Data shown ::
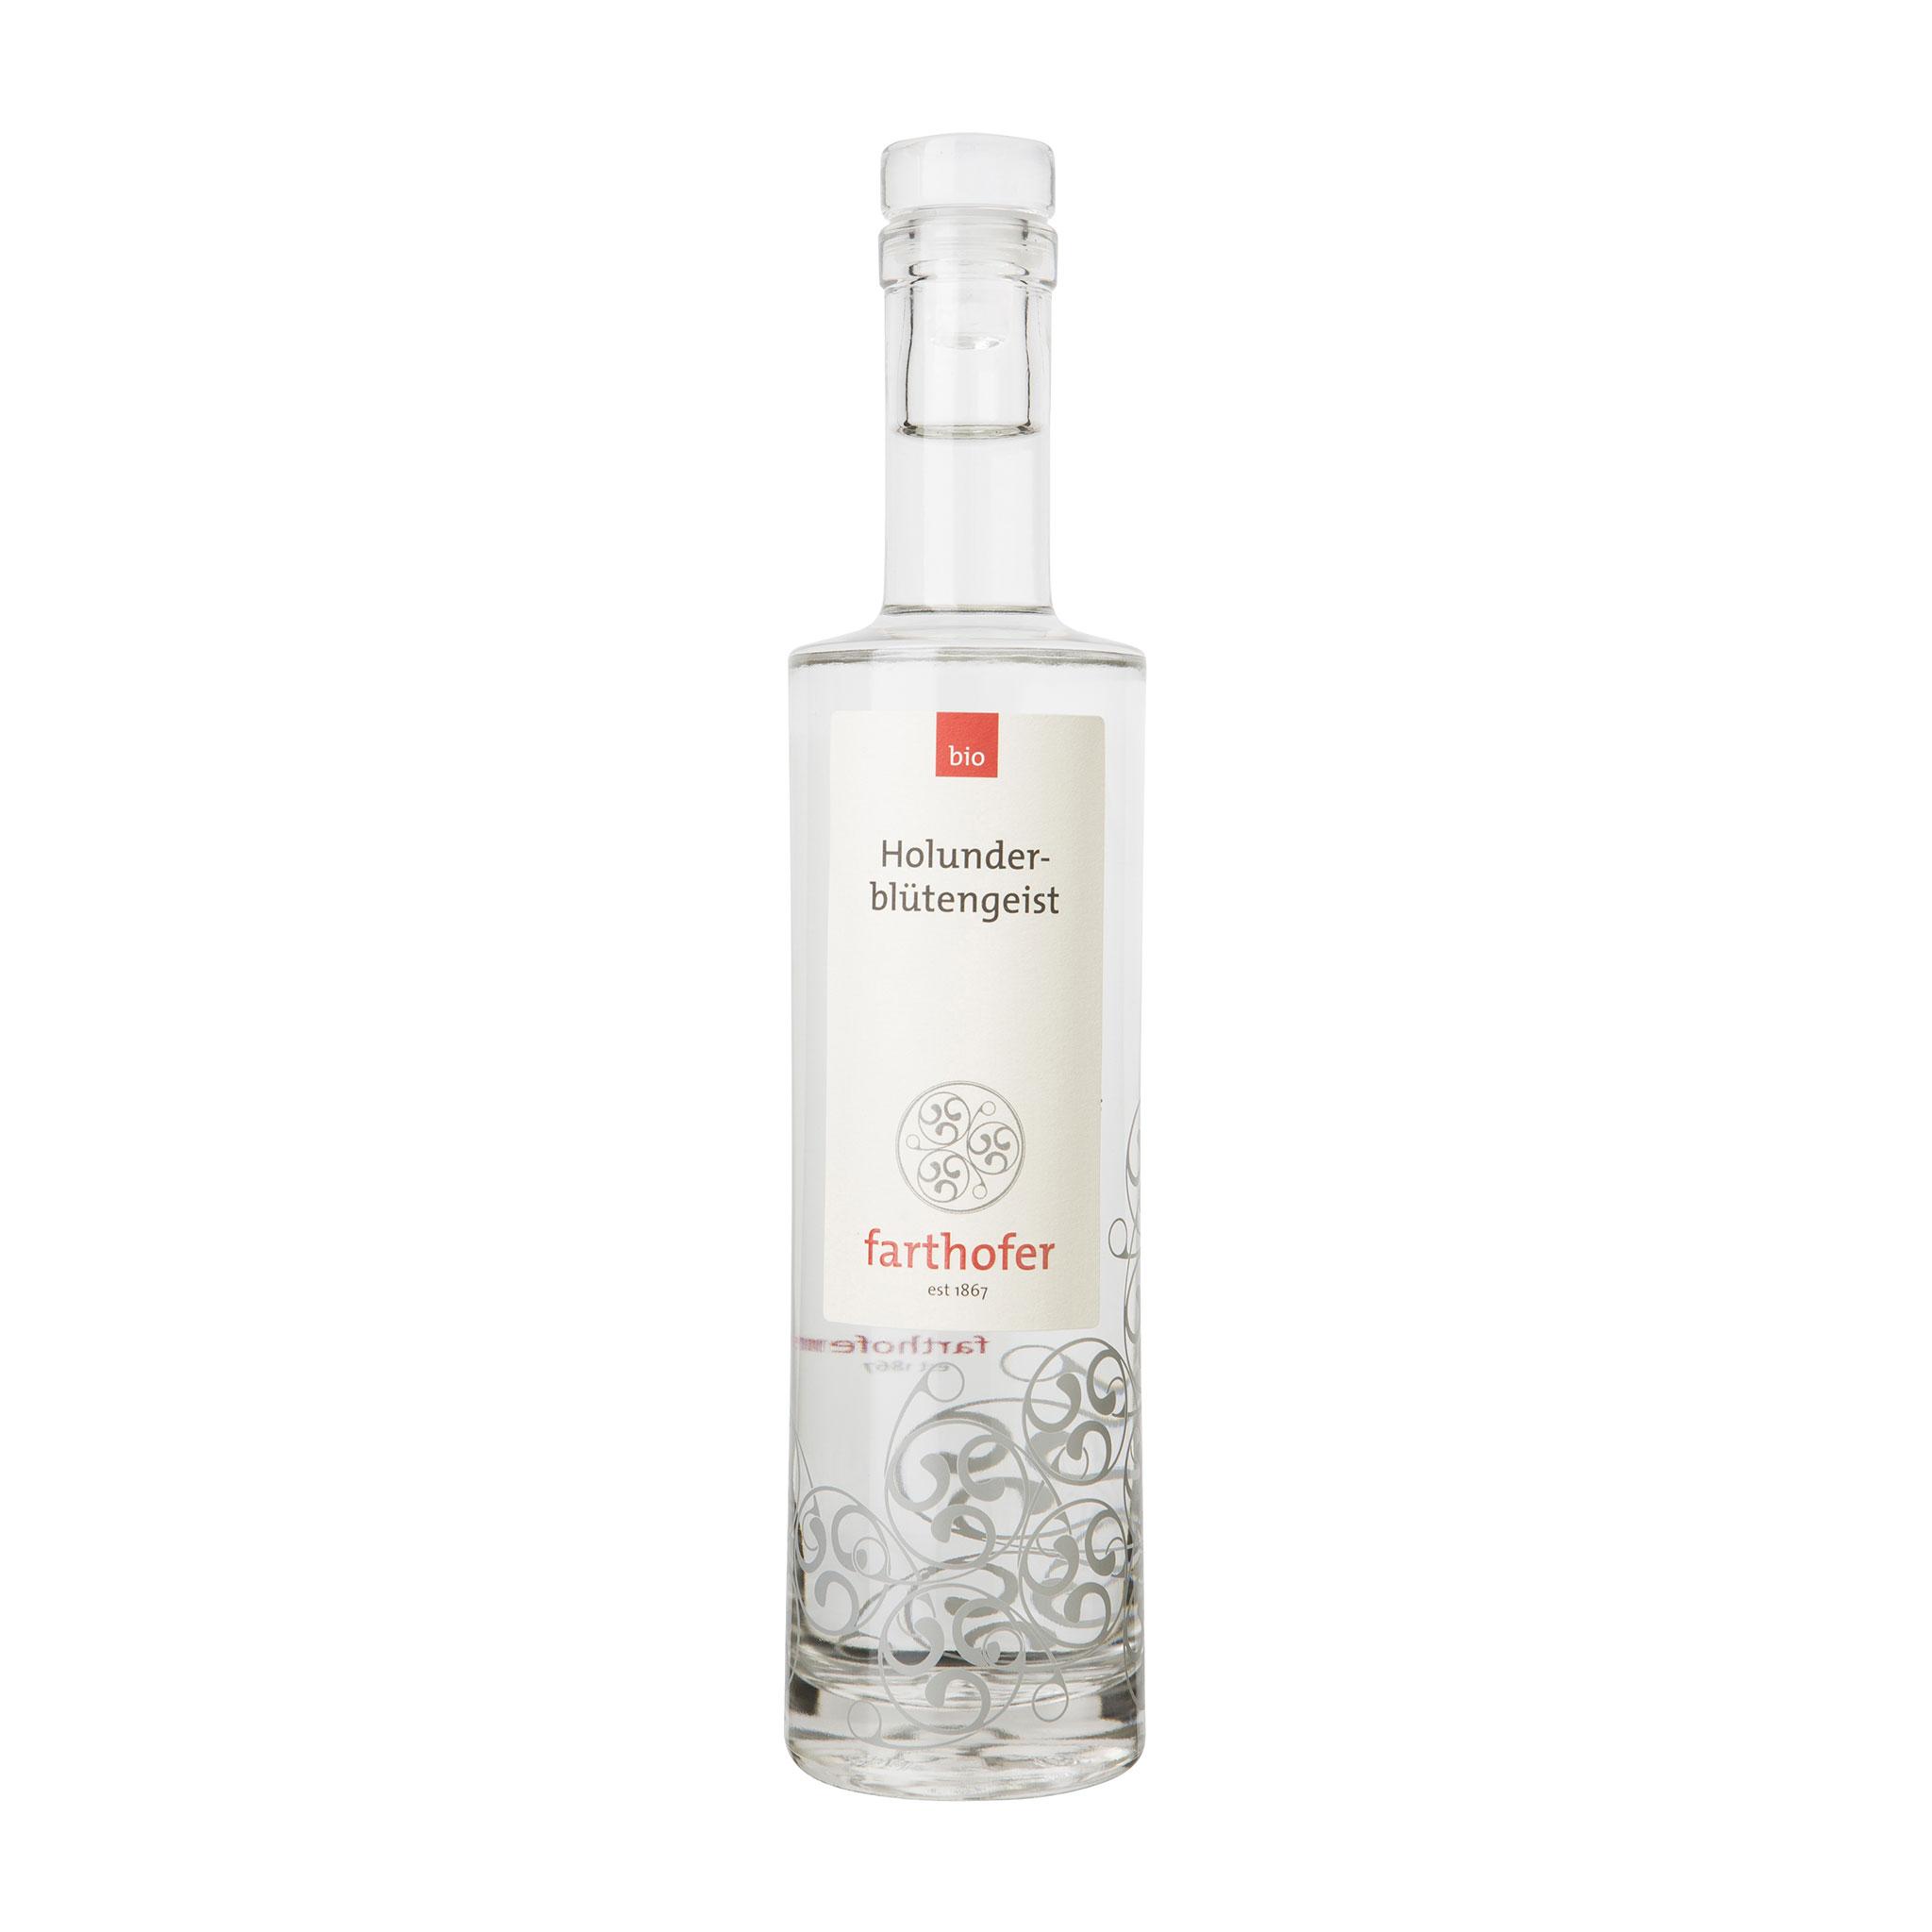 Bio Holunderblütengeist (700 ml)
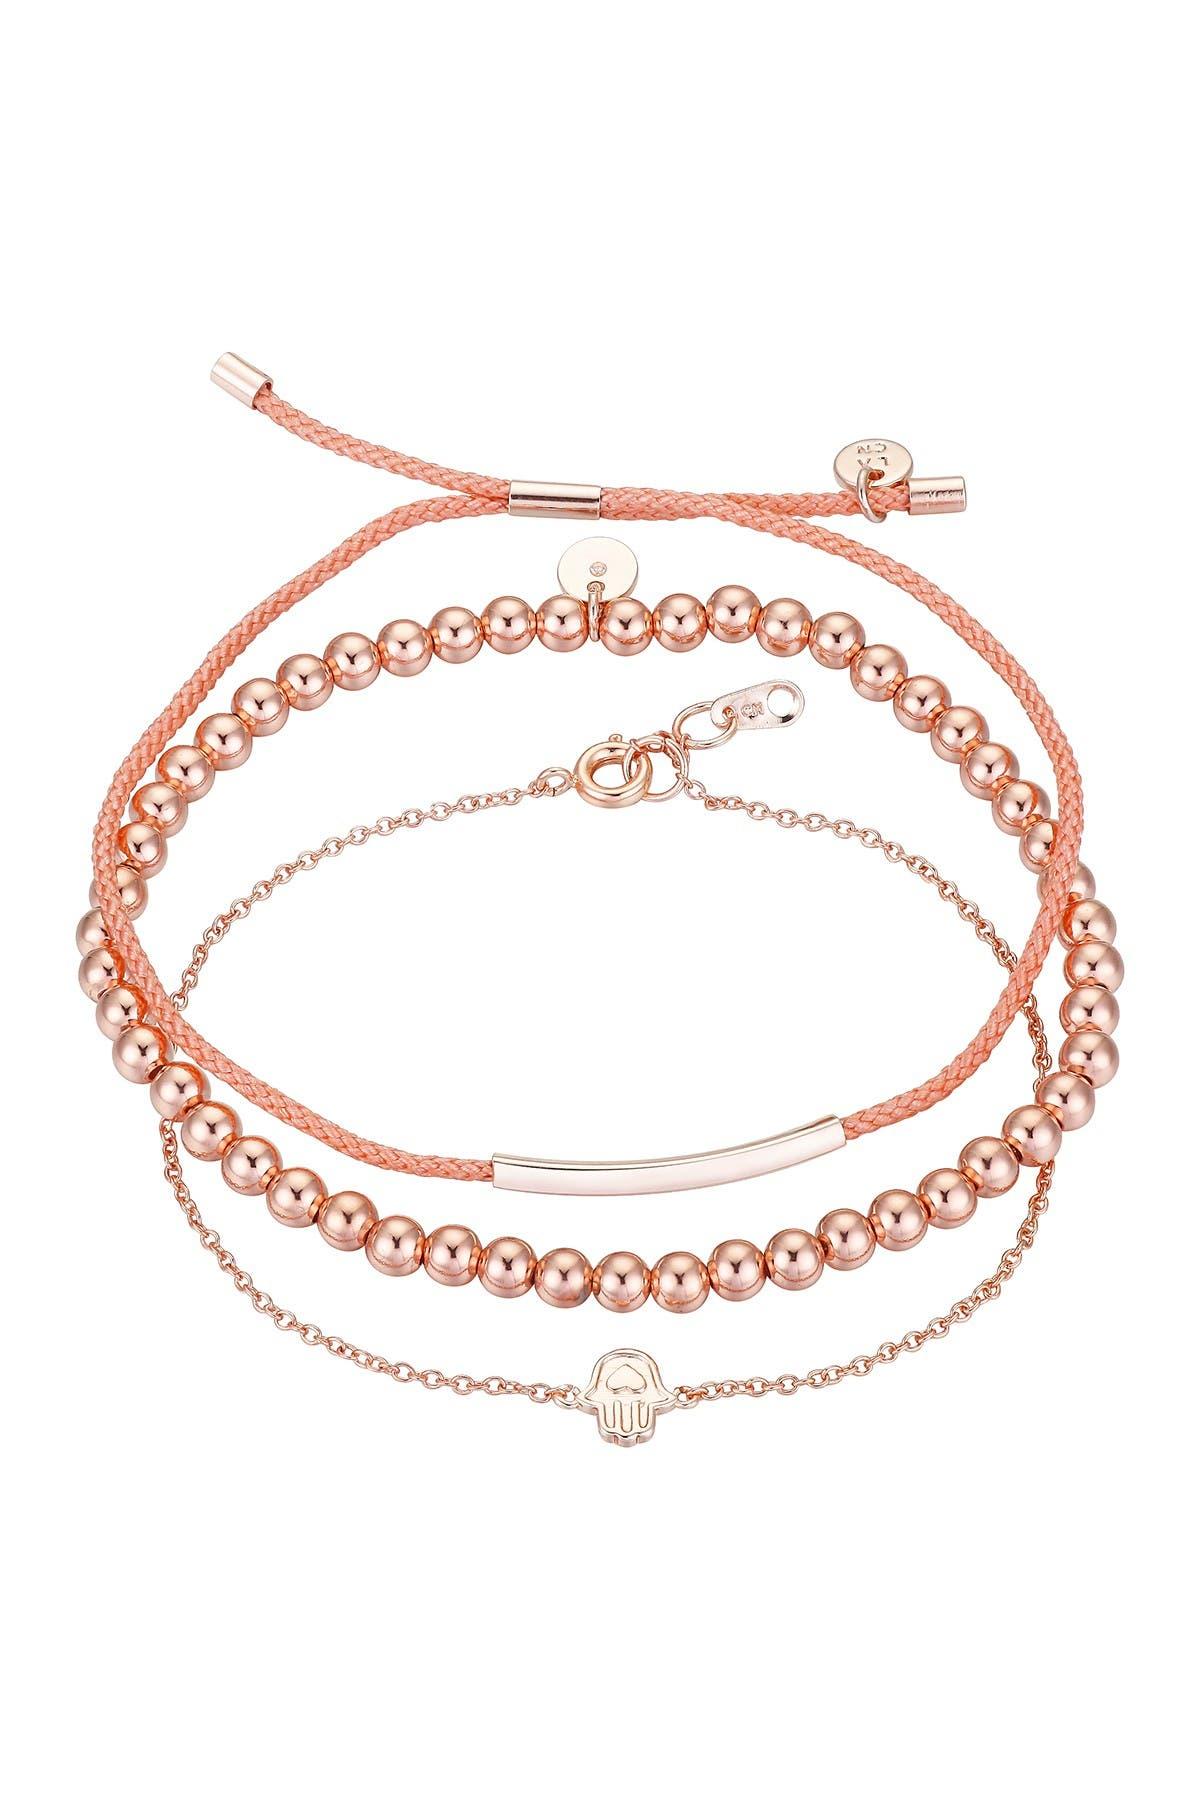 Image of LA Rocks Rose Gold Plated Beaded, Bolo Cord, & Hamsa Charm Bracelet Set
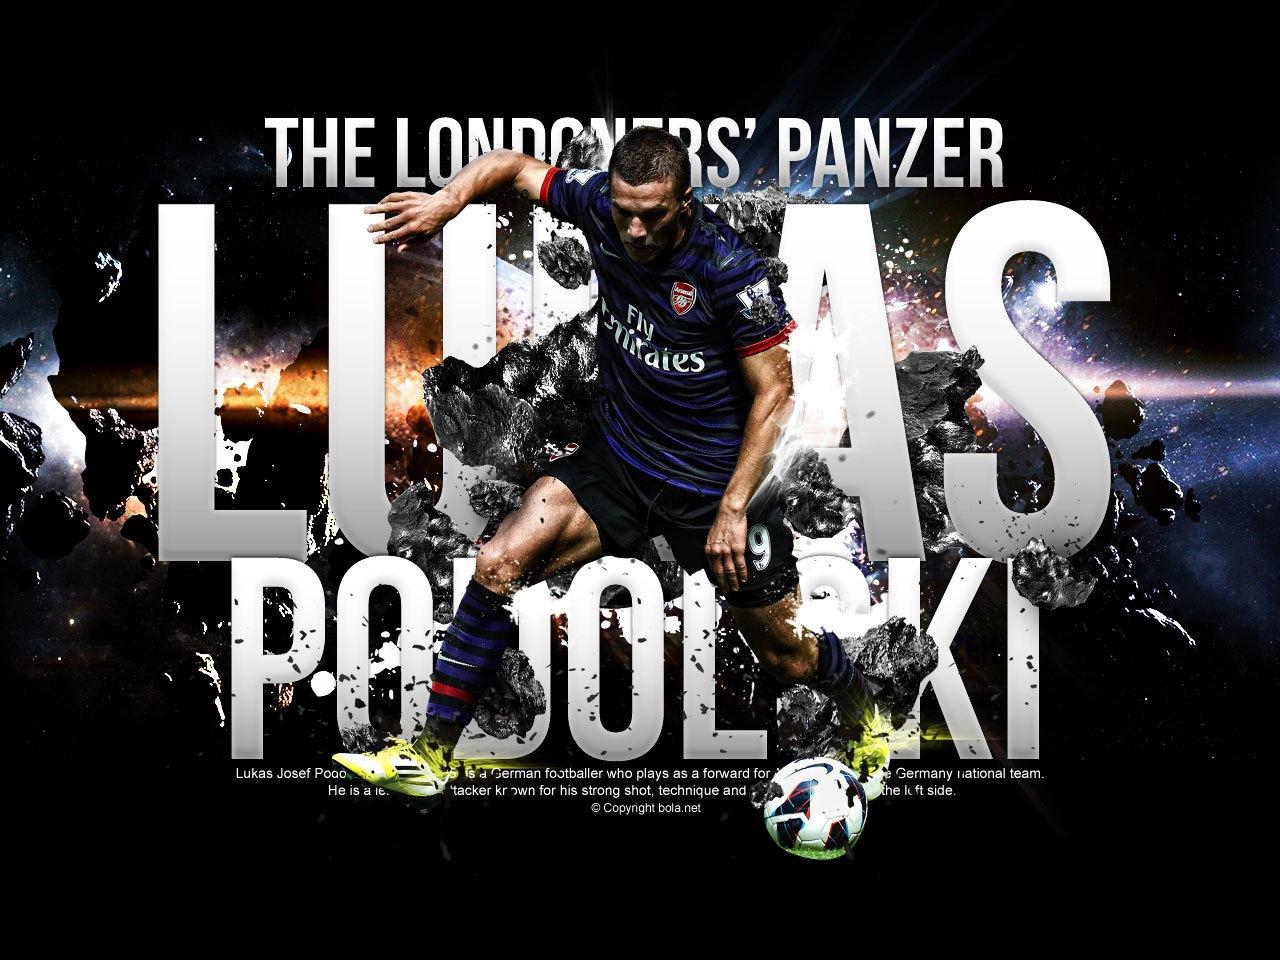 http://4.bp.blogspot.com/-YUdvdhyupyQ/UUccKwKK1nI/AAAAAAAABHg/QaQr9wzXag4/s1600/Lukas-Podolski-Arsenal-Wallpaper+sdfgh3456.jpg

To do ::
Write down exactly the lines running from the line with "Image of LA" through the end of the material, both ends included, and none of the pictures.

Answer section ::
 Image of LA Rocks Rose Gold Plated Beaded, Bolo Cord, & Hamsa Charm Bracelet Set
 http://4.bp.blogspot.com/-YUdvdhyupyQ/UUccKwKK1nI/AAAAAAAABHg/QaQr9wzXag4/s1600/Lukas-Podolski-Arsenal-Wallpaper+sdfgh3456.jpg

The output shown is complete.